Cardiac function, as assessed by echocardiography, generally remained stable throughout the study period in terms of left ventricular ejection fraction and left ventricular mass index.

The urine HS (Figure S2) and DS (Figure S3) concentrations showed no changes in all dosage groups in the patients previously treated with conventional ERT (Figures S2A-1 and S3A-1). In the naive patients, the urine HS concentrations at weeks 13 and 26 decreased in the 2.0- and 4.0-mg/kg groups but not in the 1.0-mg/kg group (Figure S2B-1). The serum HS concentrations in the previously treated patients (Figure S2A-2) remained stable with some decrease at weeks 13 and 26 in the 1.0- and 4.0-mg/kg groups, whereas the serum DS concentrations (Figure S3A-2) were generally stable at weeks 13 and 26 in all dosage groups. In the naive patients, the serum HS and DS concentrations were decreased in all dosage groups, albeit with a high standard deviation in the 1.0 mg/kg group (Figures S2B-2 and S3B-2).

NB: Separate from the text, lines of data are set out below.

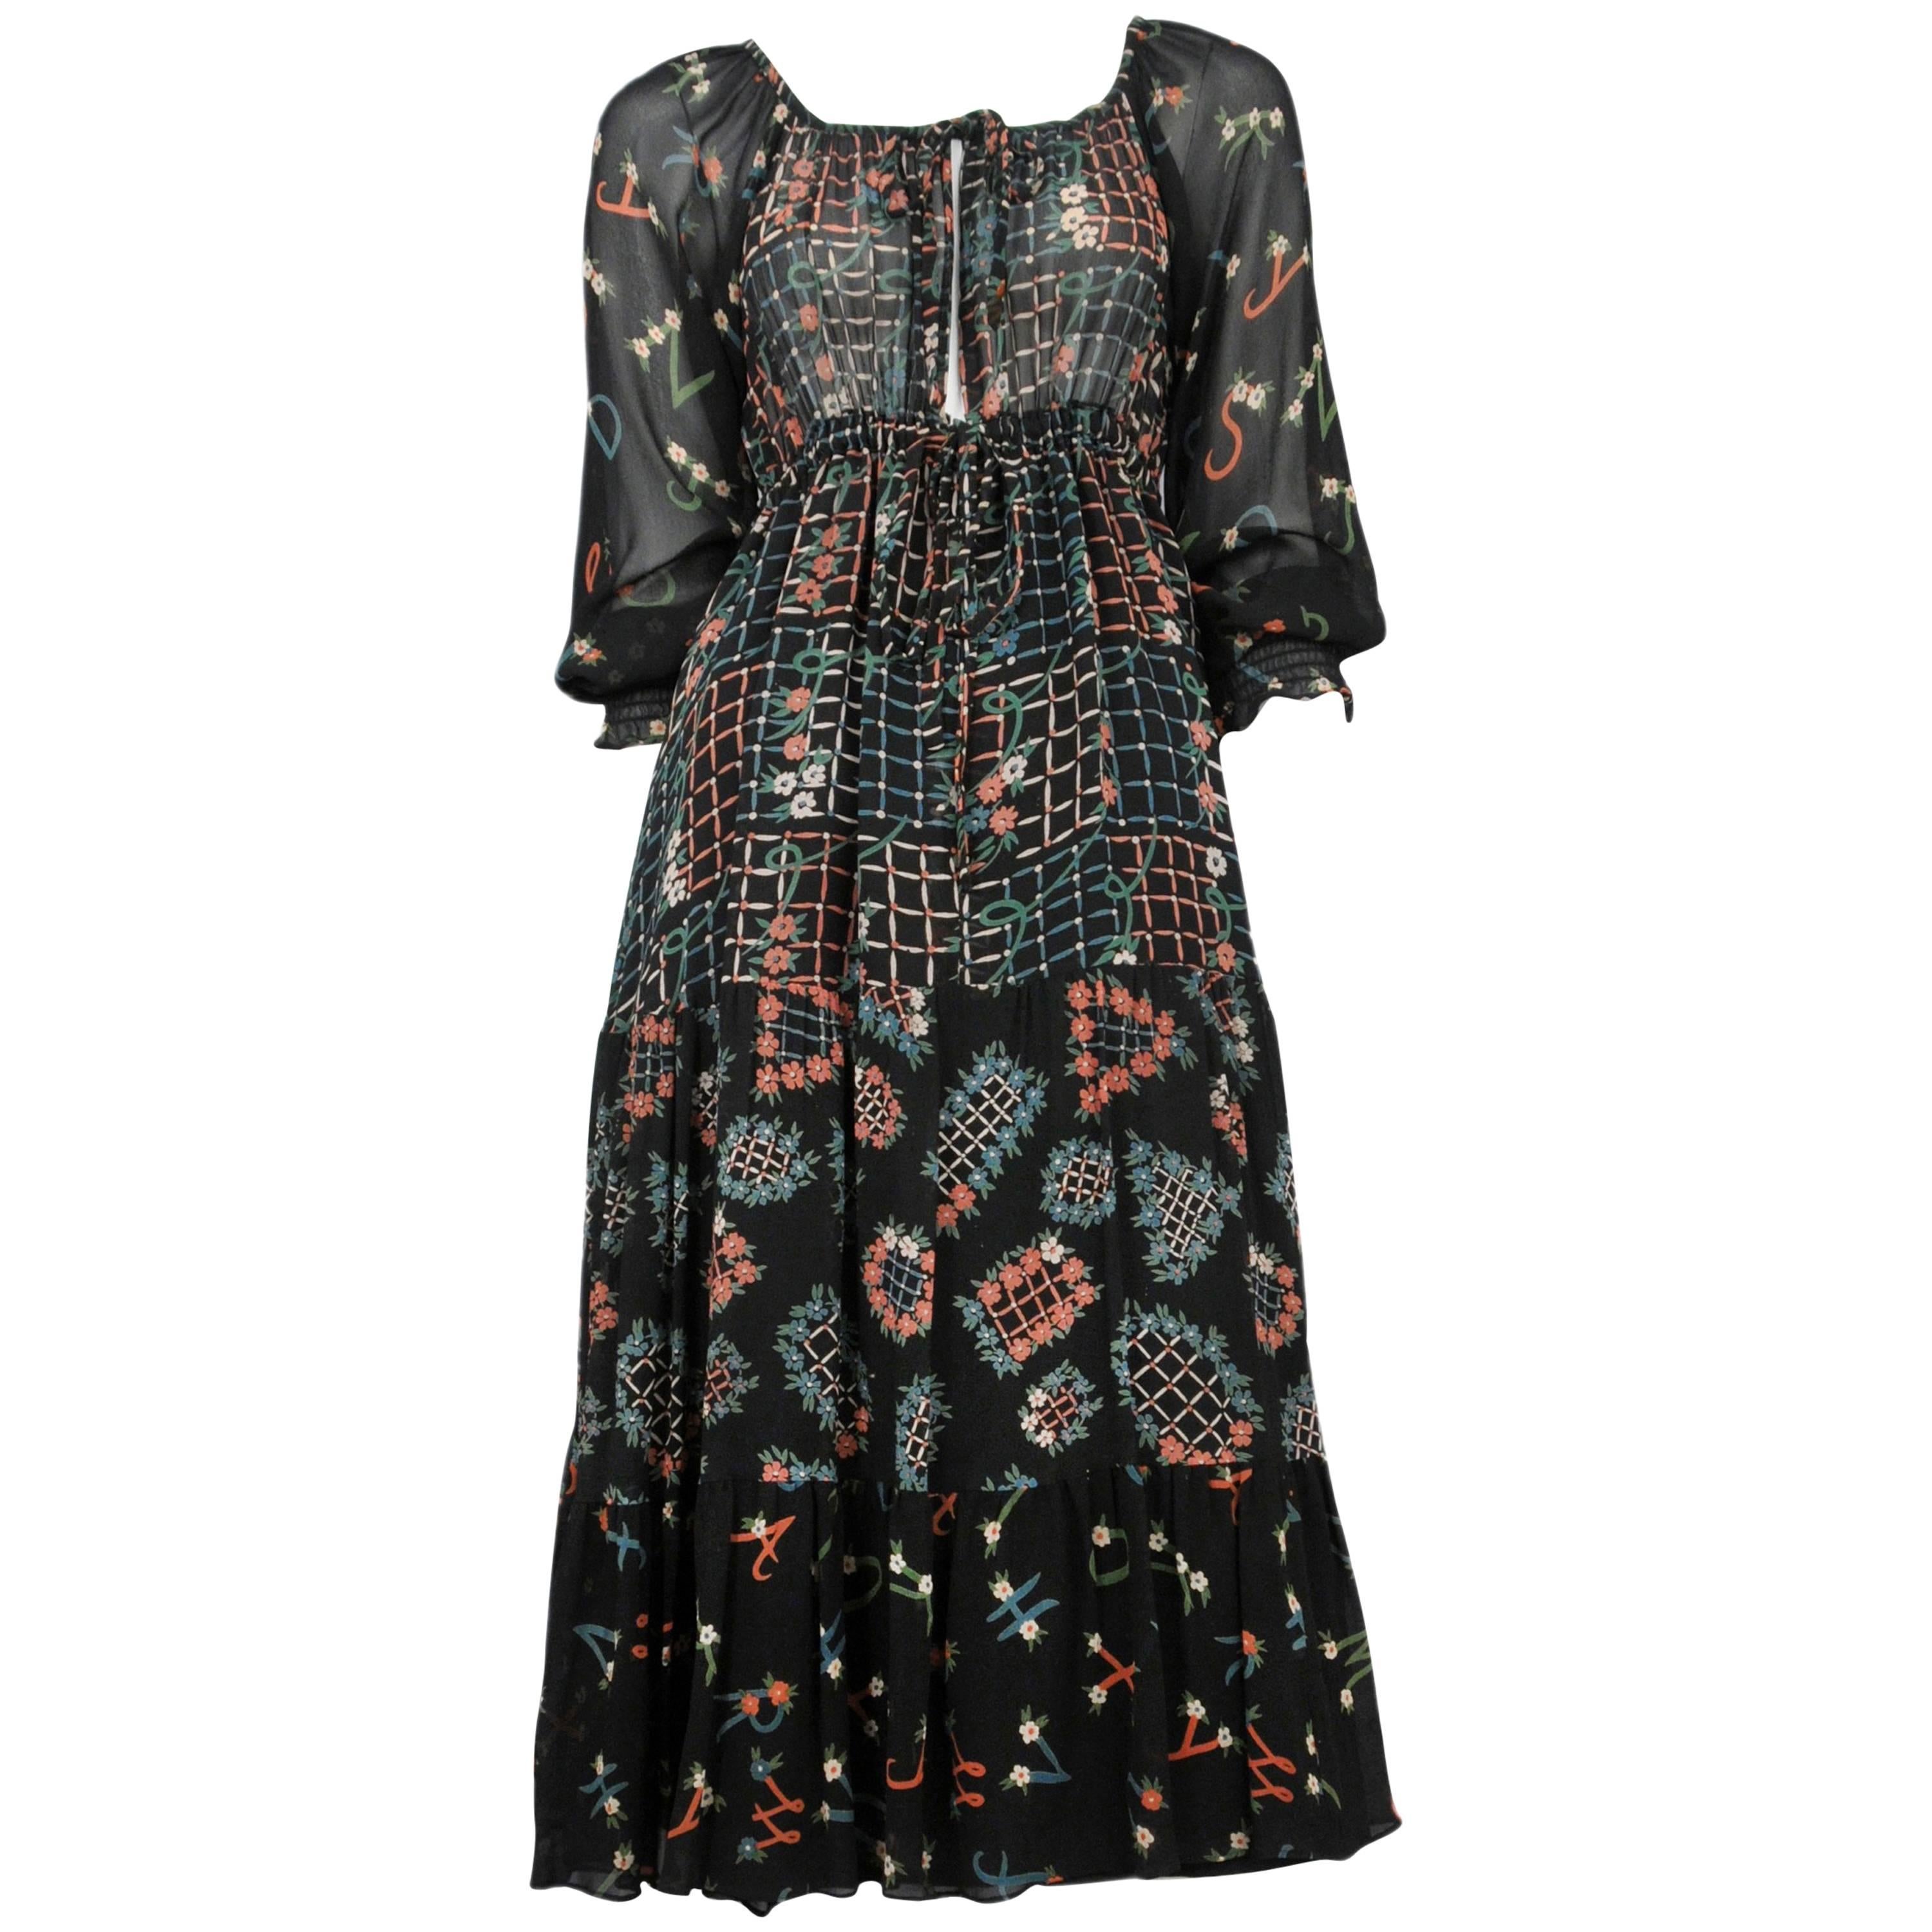 Ossie Clark Day Dress with Celia Birtwell Print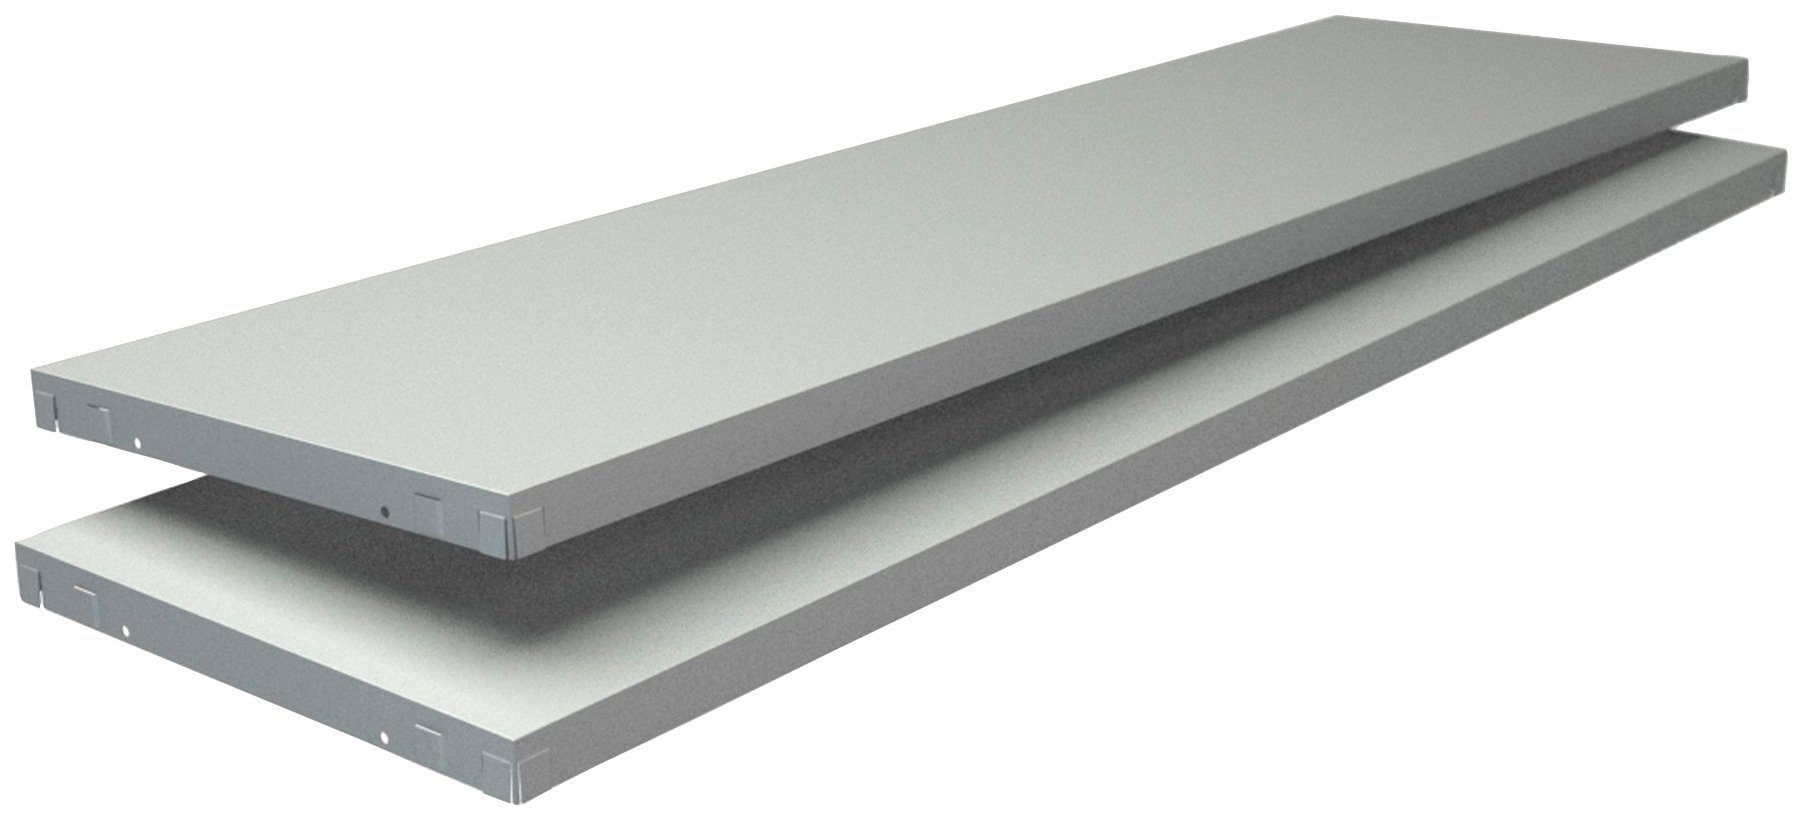 SCHULTE Regalwelt Regalelement Stecksystem-Fachboden PowerMax, weiß, 1200x350 mm 2 Stück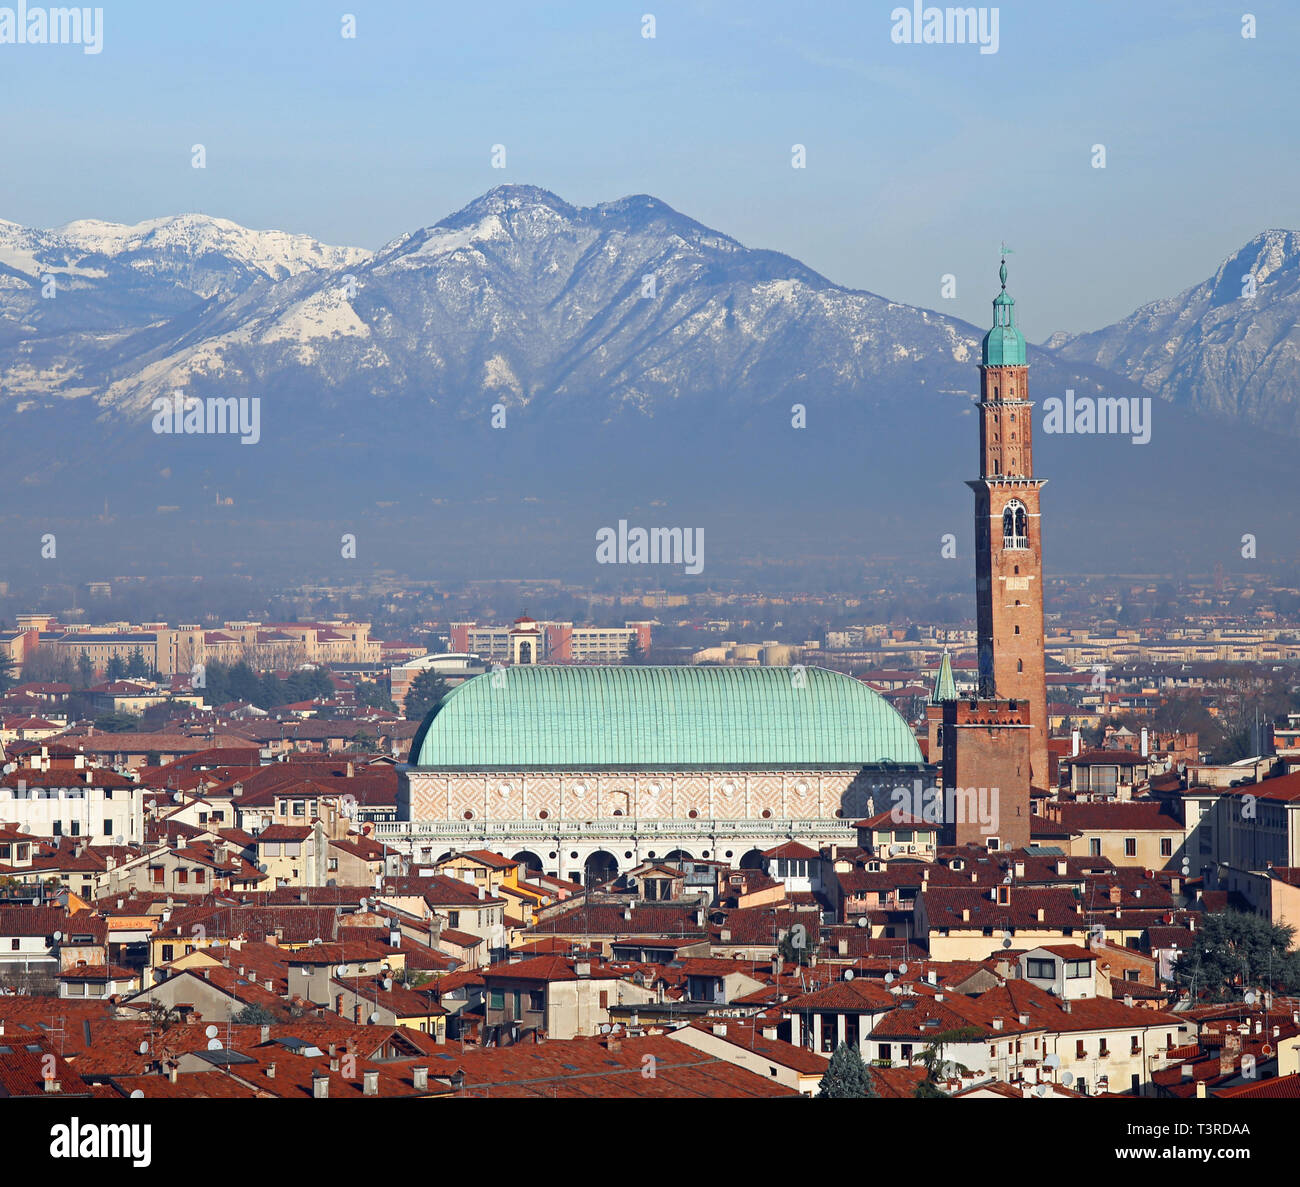 Case e il monumento storico chiamato Basilica Palladiana a Vicenza Città in Italia Foto Stock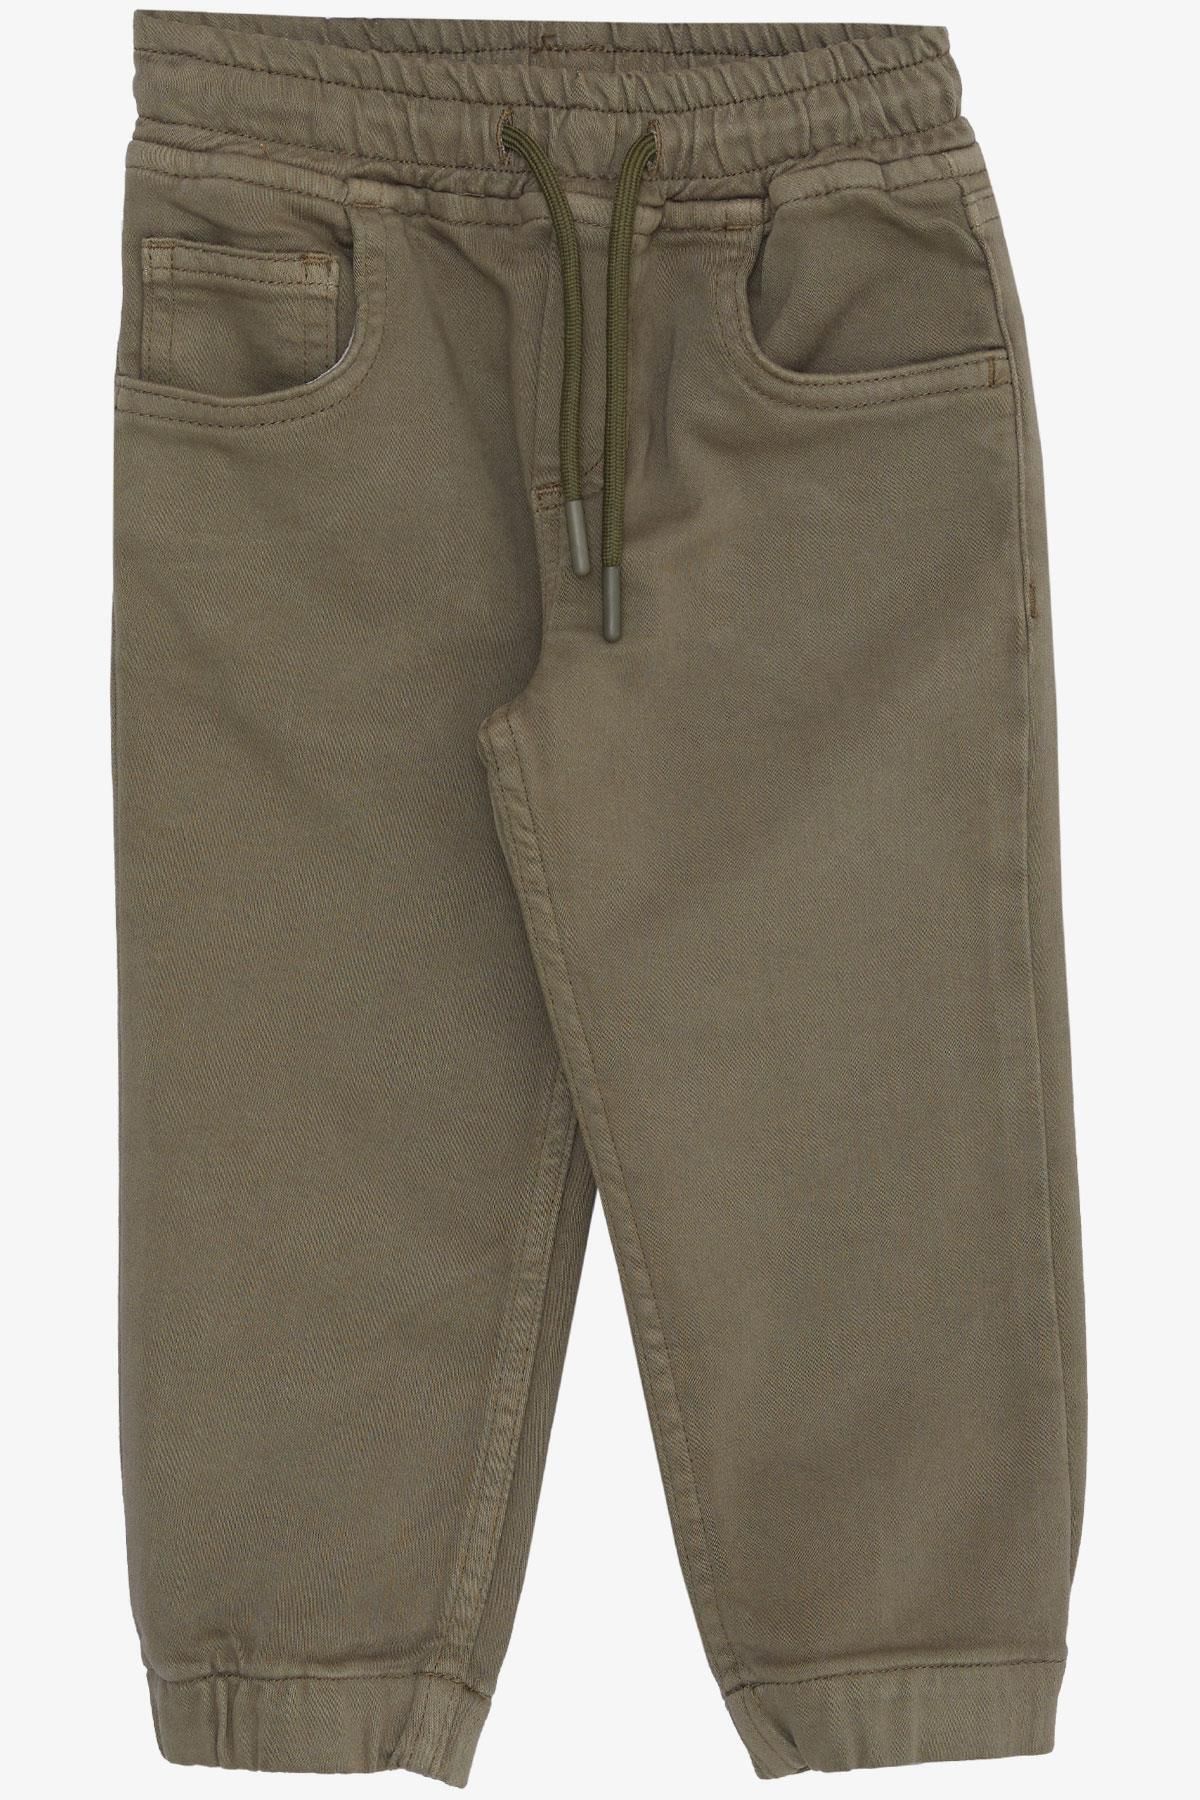 Breeze Erkek Çocuk Pantolon Bağcıklı Beli Paçası Lastikli 1.5-5 Yaş, Koyu Haki Yeşil

The HS and DS concentrations in the CSF continuously decreased in the 2.0-mg/kg and 4.0-mg/kg dosage groups (Figure 3). The 2.0-mg/kg group demonstrated a statistically significant reduction from baseline in both HS and DS concentrations, based on the upper limits of 95% confidence intervals for the ratio of HS concentrations at week13 and week 26 to baseline, both below 1 in the 2.0-mg/kg group.

Figure 3.

Figure 3

HS and DS concentrations in the CSF

The data represent mean ± SD.

The efficacy of pabinafusp alfa on the neurocognitive signs and symptoms was evaluated by way of standardized neurocognitive assessments and descriptive reports on behavioral changes. An extension study following this trial has generated data for a further 26 weeks so far, allowing for a total of 52 weeks of neurodevelopmental data to be analyzed. The Bayley Scales of Infant and Toddler Development (BSID-III) was used for neurocognitive evaluations of the patients younger than 42 months of developmental age (age-equivalent [AE] score), whereas the Kaufman Assessment Battery for Children, 2nd edition (KABC-II), was used for the older patients. The Vineland Adaptive Behavior Scale, second edition (VABS-II), was also used to assess a potential influence of pabinafusp alpha on the adaptive behavioral functions.

Figures 4 and 5 show the changes in AE scores and developmental quotient (DQ) scores (i.e., cognitive AE score divided by chronological age × 100) in individual patients against their chronological ages at baseline and at weeks 13, 26, and 52, as determined with BSID-III/KABC-II, respectively. The very young patients and the ones with the severe subtype were assessed by BSID-III; those with the attenuated by KABC-II. Improvements were shown in the patients younger than 6 years of age with severe MPS-II and also in those older than 10 years. DQ scores were maintained in the patients younger than 6 years of age, especially in those two who showed maintenance of DQ beyond 70. Four patients older than 25 years of age had a DQ between 18 and 45 at baseline but nonetheless improved in their DQ and AE score.

Figure 4.

Figure 4

Age-equivalent scores and developmental quotients against chronological age as determined with BSID-III

(A) Age-equivalent scores. (B) Developmental quotients. All patients belong to a severe (neuronopathic) subtype. The curves with asterisks denote the patients naive to ERT.

Figure 5.

Figure 5

Age-equivalent scores and developmental quotients against chronological age as determined with KABC

(A) Age-equivalent scores. (B) Developmental quotients. All patients belong to the attenuated subtype. The curves with asterisks denote the patients naive to ERT.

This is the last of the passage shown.